Coimune, an affiliate of SCM Life Science, announced the results of phase 1 and 2a clinical trials of the same "CARCIK-CD19"-based acute lymphocytic leukemia cell therapy (CMN-005) at the American Society for Hematologic Cancer (ASH).
Co-Immune was co-founded in the United States by SCM Life Science and Genexine. SCM Life Science owns a 26.8% stake in Coimune.
Clinical trials confirmed complete response in 13 out of 21 (61.9%) patients. COIMUNE plans to push for listing in the second half of next year when attracting investment in Series B is completed in the first quarter of next year. It is explained that it is about six months ahead of the existing listing plan in 2023.
Allogene and Sana, which are currently developing allogeneic chimeric antigen receptor T-cell (CAR-T) treatments, have market caps of $2 billion and $3.4 billion, respectively. Through this clinical result, it is expected that Coimune will be recognized for its high value if it is listed. Researcher Chung Song-hoon said, "The value of Coimune's stake held by SCM Life Science will also draw attention."

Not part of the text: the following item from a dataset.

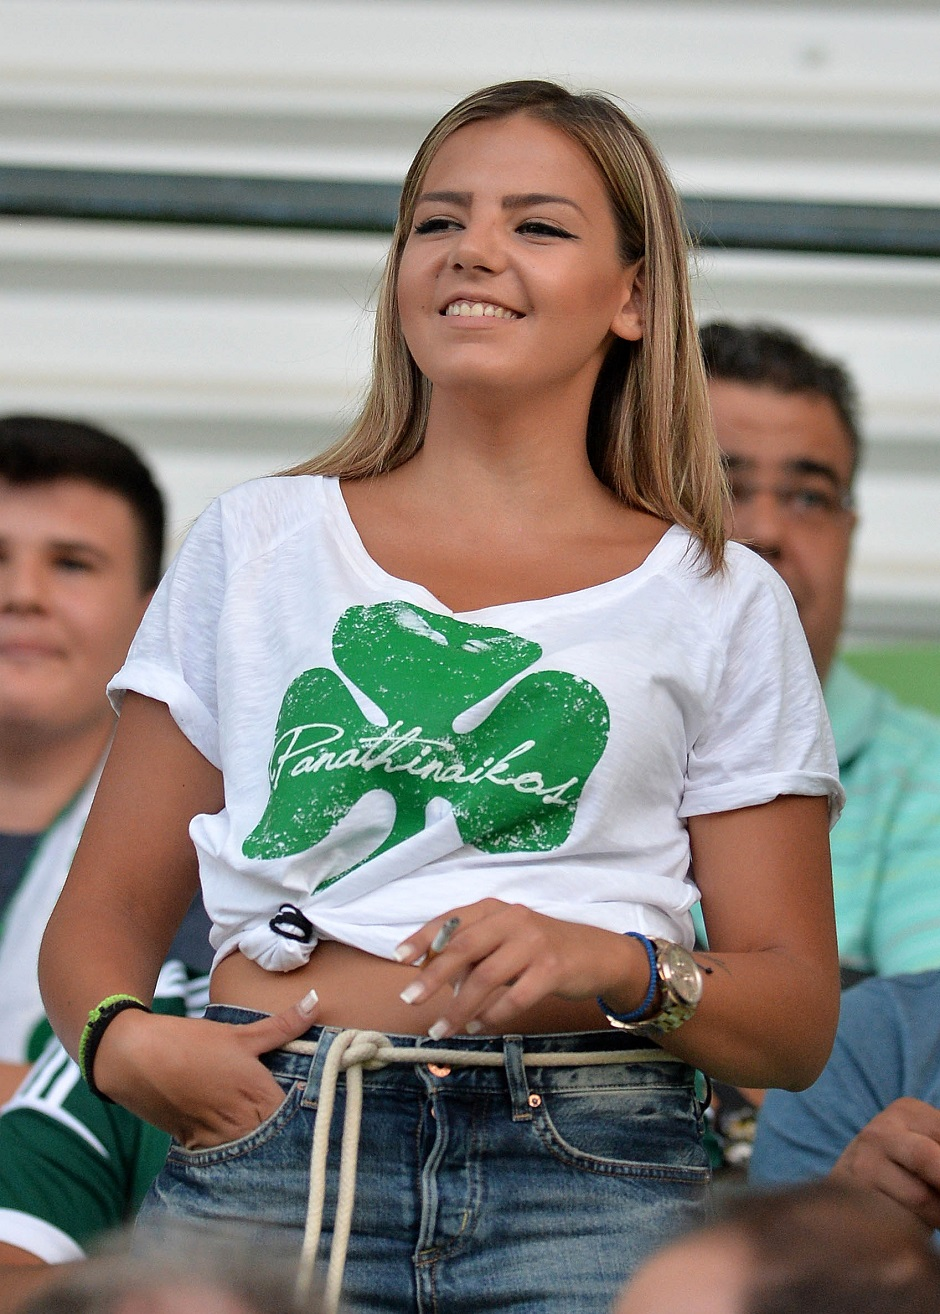 ÐÁÍÁÈÇÍÁÉÊÏÓ - ÁÉÊ (ÃÉÏÕÑÏÐÁ ËÉÃÊ 2016-2017)PANATHINAIKOS - AIK (EUROPA LEAGUE 2016-2017)

Next year, two domestic clinical results will also be released. The goal is to release the results of phase 2a clinical trials of acute pancreatitis treatments designated as rare drugs in the third quarter of next year, and then proceed with phase 2b and release them in Korea in 2025.
Moderate to Severe Atopic Drmatitis medicine is expected to complete the recruitment of patients for phase 2 this year and release the results in the fourth quarter of next year. If the domestic clinical results are positive, the company plan to proceed with technology transfer. In addition, it is preparing for clinical trials in the US, and plans to get phase 2 approval from the US Food and Drug Administration (FDA) in the middle of next year.